Vita in montagna / Il canto gorgheggiato delle pastore
Arsunà era il canto gorgheggiato che le pastore sulle mie montagne usavano per comunicare da un alpeggio all’altro. Un suono per rompere la solitudine del lavoro in montagna, per chiamare il bestiame, per chiedere aiuto. A Ornavasso si diceva faa yuglo, in Ossola anche yu fi fi. Vocali e consonanti accostate senza un significato: la voce profonda e misteriosa della montagna. Nella Svizzera tedesca e in Tirolo si chiama jodel ed è una forma d’arte con concerti e pubbliche esibizioni. Sui monti della Val d’Ossola era pratica femminile, perché erano le donne a lavorare sugli alpi, mentre gli uomini erano via in emigrazione.
Le pastore della Val Grande, dall’alpe Oro delle Giavine salivano la sera alla Colma Piana per guardare il fondovalle del Toce e le case lontane: in Ossola si accendevano le luci, in Val Grande scendeva il buio.
Da bambino trascorrevo tre mesi all’alpe Sarlede di Ornavasso.
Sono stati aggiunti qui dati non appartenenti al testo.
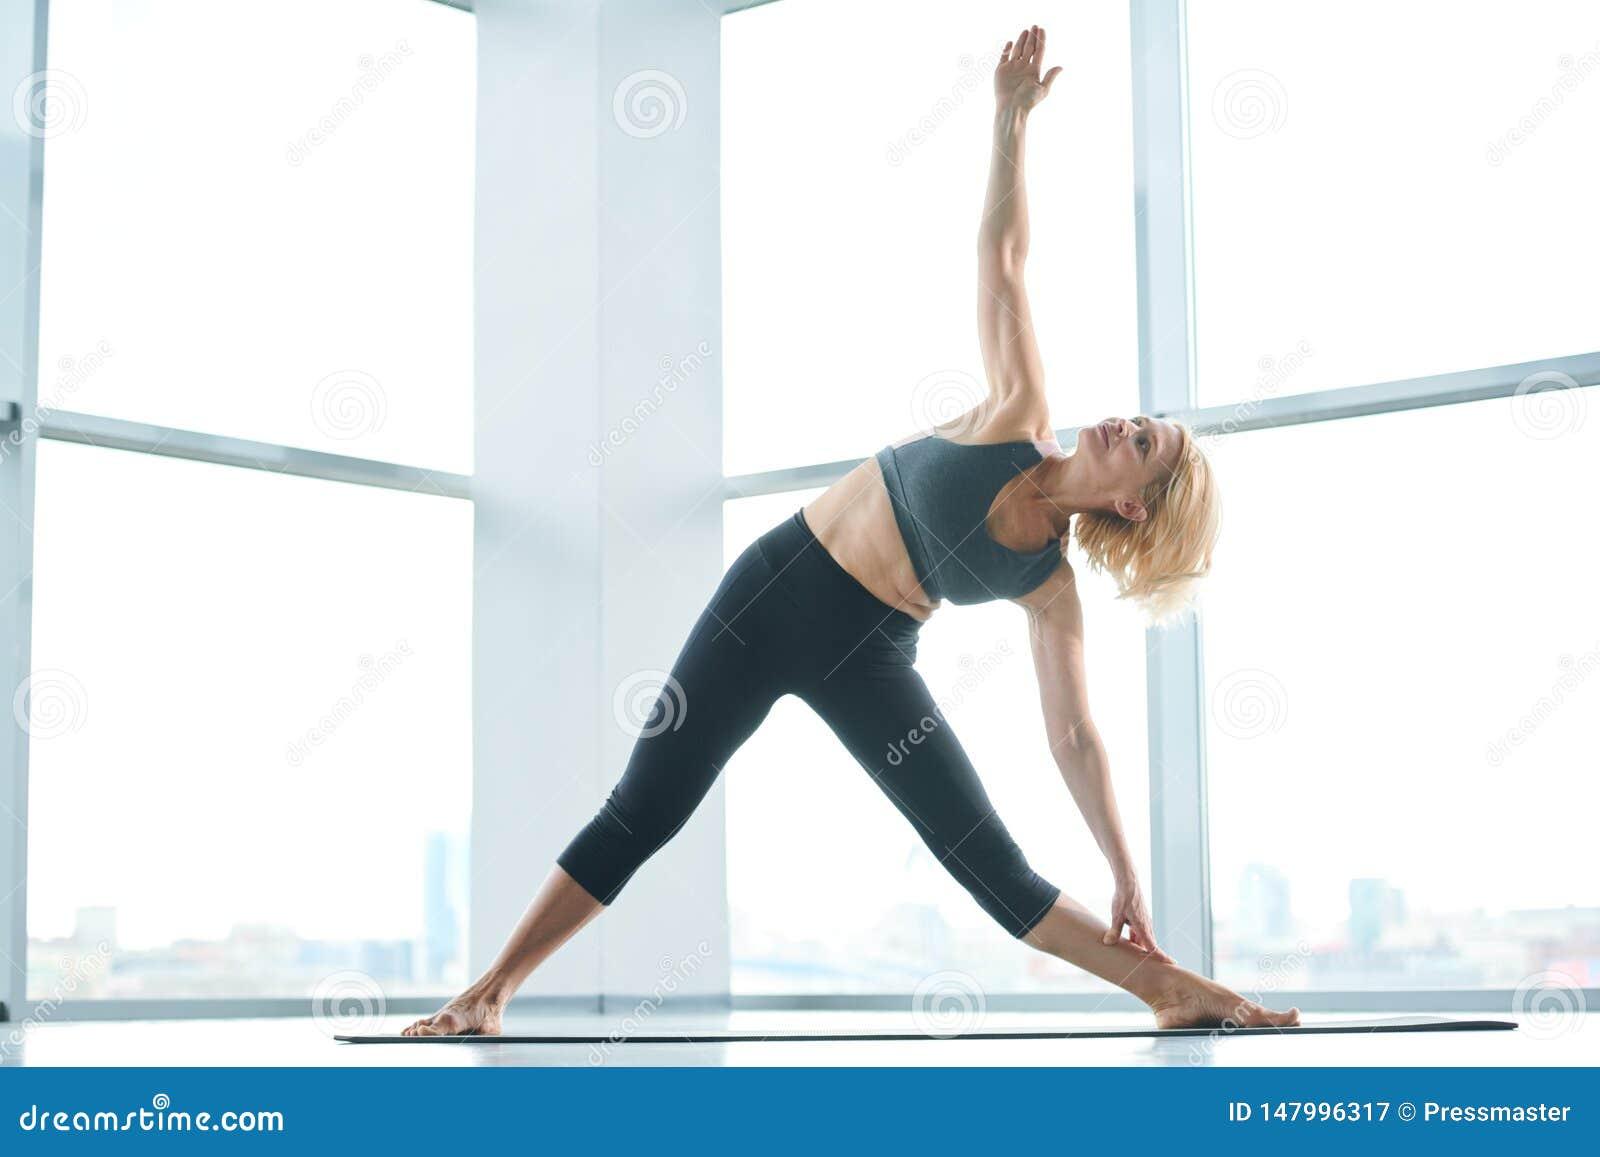 Woman side-bending

La sera, dopo aver raccolto le capre e averle munte, la mamma si sedeva sugli scalini davanti alla baita e faceva yuglo. In pochi minuti rispondevano voci femminili dagli alpeggi vicini (l’Ultosvendi, lo Steyt, i Trenghi). La mamma riconosceva le voci delle amiche. Non so cosa volessero dirsi. Forse non lo sapevano neanche loro.
O forse volevano dire che erano ancora vive, che la vita continuava.